アドベリフィケーションはベンダー丸投げではダメ! 広告主も正しい知識と運用を知っておこう。

デジタル広告の仕組みが複雑になるにつれて、広告詐欺やブランド棄損などの新たな課題が浮き彫りになってきています。支払った広告費が目的にかなった効果を上げているかを確認するには、アドベリフィケーションの検討・導入が必要です。

昨今、デジタル広告市場、中でもプログラマティック広告の市場はめざましい成長をとげています。その一方で、直近では「漫画村」のような違法サイトへの広告掲載や不正サイトにおける広告詐欺など、デジタル広告の仕組みを悪用した犯罪も表面化しています。

その際、必ず出てくるキーワードが「アドベリフィケーション(広告を検証する仕組み)」です。本サイトの読者の皆さまもおそらく一度は耳にされたことがある、もしくは、すでに取り組んでおられる方もいらっしゃるのではないでしょうか。

「アドベリフィケーションは専門のベンダーに任せておけばいいのではないか」とお考えの方も多いかもしれませんが、広告主も正しい知識と運用を知っておかないと、十分に効果を上げることができません。

第1回となる今回は、まずアドベリフィケーションへの必要性を理解していただくことを目的としてお話しさせていただきます。

アドベリフィケーションとは?

アドベリフィケーションとは、ad(広告)とverification(検証)という名前のとおり、「広告を検証する仕組み」です。

広告の何を検証するか、というと、たとえば、

  • 違法なサイトや反社会的なサイトに広告が表示されていないか
  • ちゃんと人が広告を見ているか
  • Webページの見える場所に広告が表示されているか

などです。

では、どうして広告を検証しなければならないのでしょうか。

それは、プログラマティック広告を配信・表示するテクノロジーが複雑化し、広告が正しい成果につながらないような表示のされ方をしていたとしても、すべてを人の目で確認することが困難になってきたからです。

こういった背景があり、広告を検証する仕組みであるアドベリフィケーションが求められるようになったといえます。

アドベリフィケーションで何を検証するのか?

アドベリフィケーションで検証する事柄は、大きく分けると、以下の3つです。

  1. ブランドセーフティ
    広告主のブランドイメージを低下させるようなサイトに配信されていないか

  2. アドフラウド
    広告詐欺がおこなわれていないか

  3. ビューアビリティ
    ユーザーが広告を視認できるように表示されているか

図1:アドベリフィケーションの3つの要素

それぞれどういうものなのか、くわしく説明していきましょう。

ブランドセーフティとは?

ブランドセーフティとは、その名のとおり、brand(ブランド)のsafety(安全性)を検証することです。具体的には、広告主のブランド毀損につながるようなメディアや、適正なメディアであってもその広告には適さない面(ページや場所)に広告が配信されることを防ぐといった内容です。

たとえば、公序良俗に反するカテゴリのページに表示されていた場合、広告主のブランド毀損につながる可能性がある、というのは非常にわかりやすい例です。
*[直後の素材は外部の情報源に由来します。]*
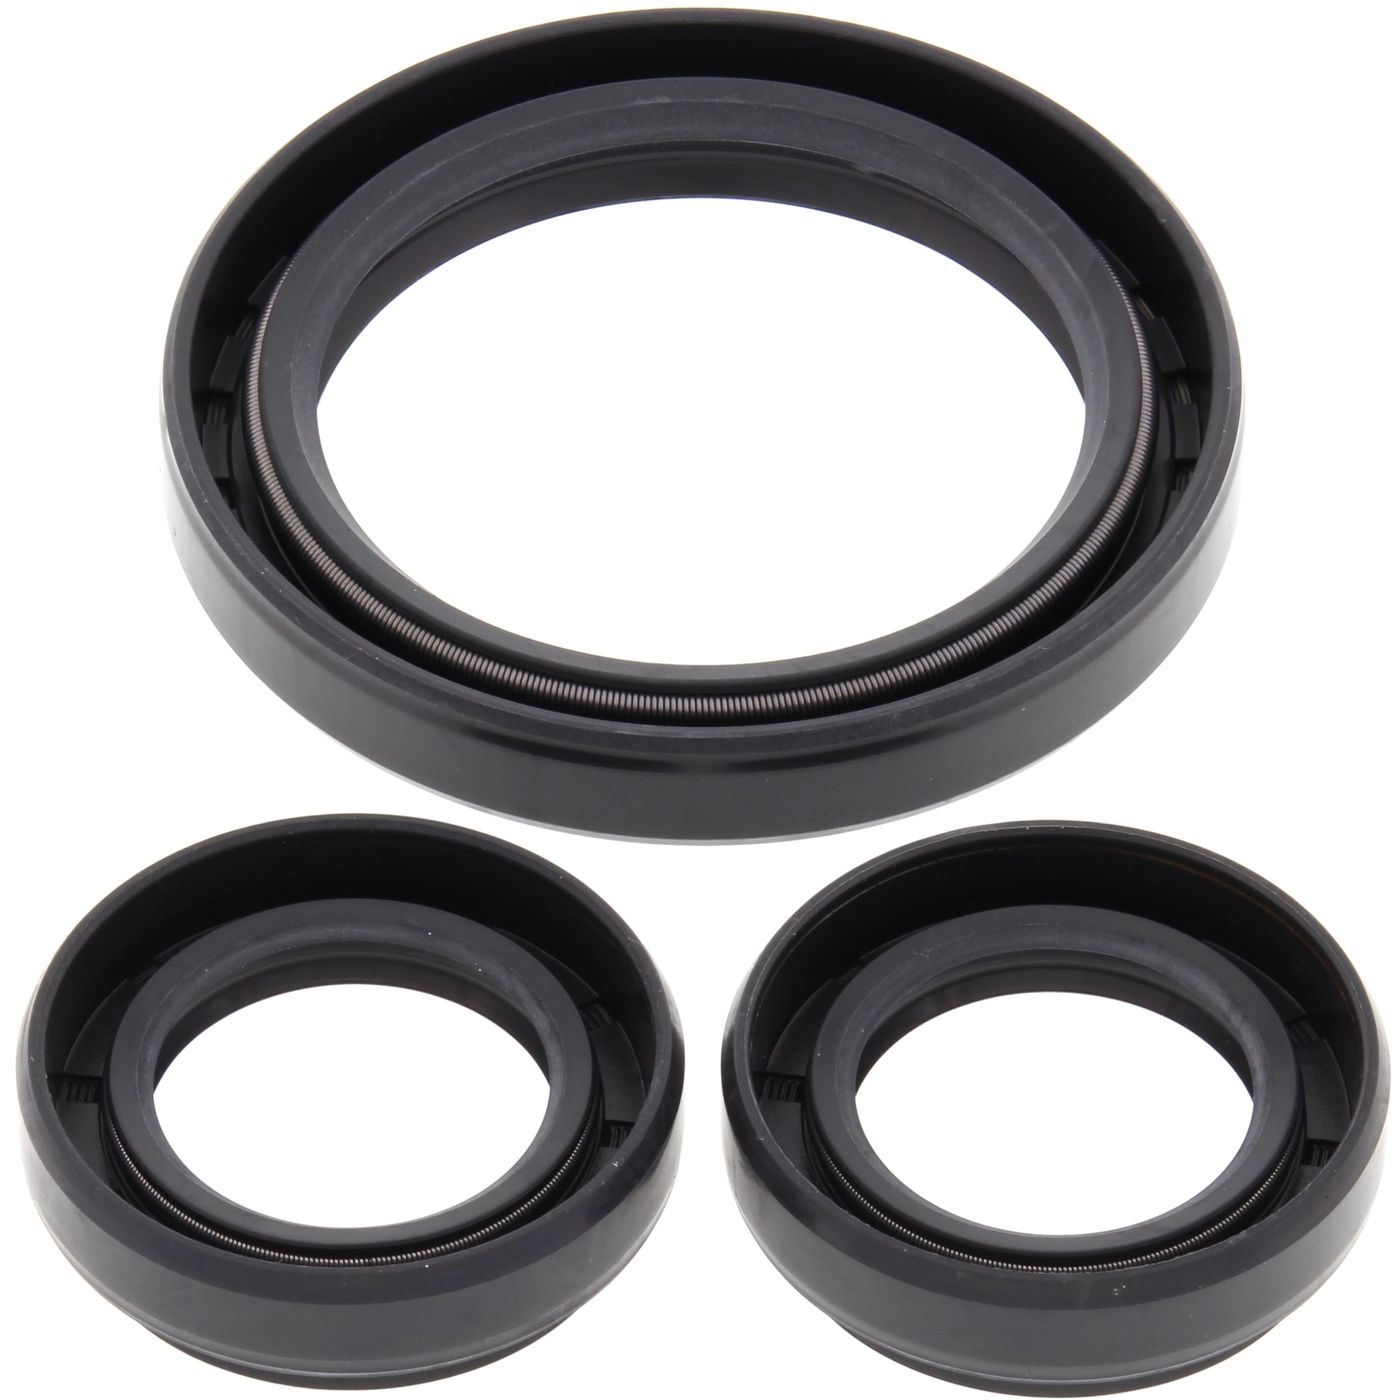 Wrp Diff Seal Kits - WRP252044-5 image

それ以外にも、

  • 自社の業績不振に関する記事
  • 自社プロダクトについてのネガティブな記事
  • 競合プロダクトを扱われている記事

の場合はブランド毀損リスクありとする、といったように、広告主ごとに独自に基準を定められているケースもあります。
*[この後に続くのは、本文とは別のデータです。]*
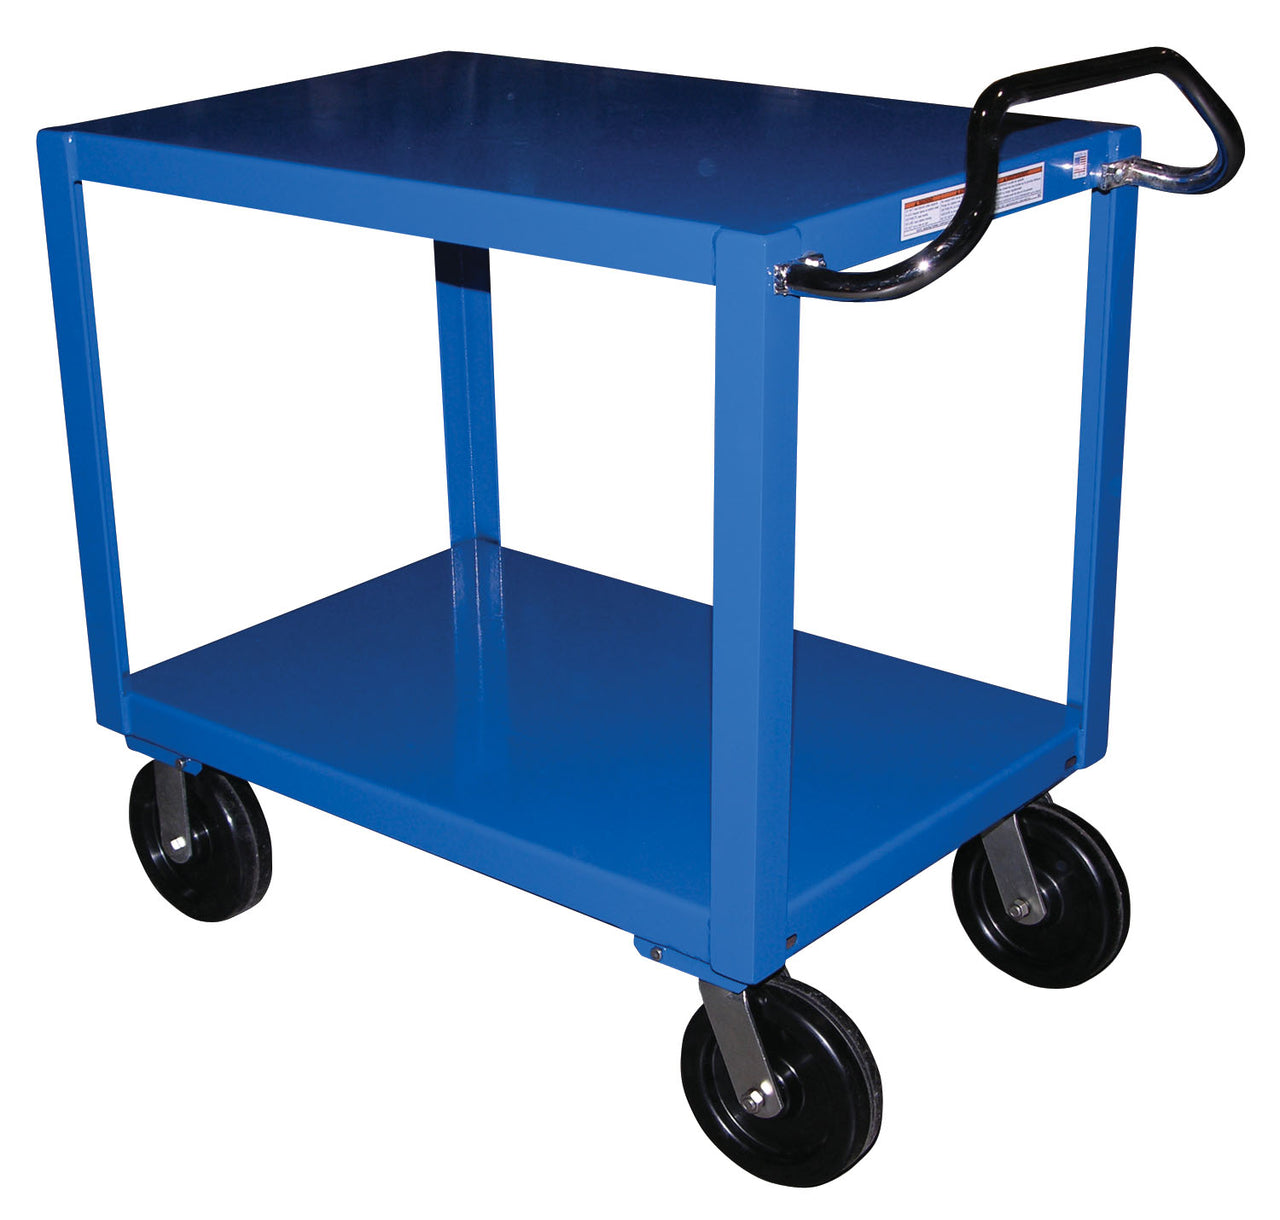 24" x 36" Ergo-Handle Cart w/ Mold-on-Rubber Casters

ここで注意したいのは、日本市場の独自性についてです。

たとえば、海外ではブランドセーフティにおける排除カテゴリとして一般的なものに、「銃器などの武器についての情報を取り扱う面」が挙げられますが、日本語のサイトではほとんどありません。

一方で、UGC(User generated content)のなかでも悪質な「まとめサイト」のようなWebサイトは日本独自のものです。また、日本語は英語と比較すると、自然言語処理の難易度が高いと言われています(正確には中国語や韓国語などのダブルバイト言語全体で同様の傾向にあると言われています)。

ブランドセーフティについてはこういった日本の独自性も鑑みたうえで、どのような面を「ブランド毀損リスクあり」と判定するか、慎重に見極めて運用する必要があります。

図2:ブランドセーフティの例

アドフラウドとは?

アドフラウド(ad fraud)は、ad(広告)のfraud(詐欺)という直訳のとおり、広告詐欺を意味しており、広告の表示回数やクリック数等を不正に水増しして、過大な広告料金を請求することです。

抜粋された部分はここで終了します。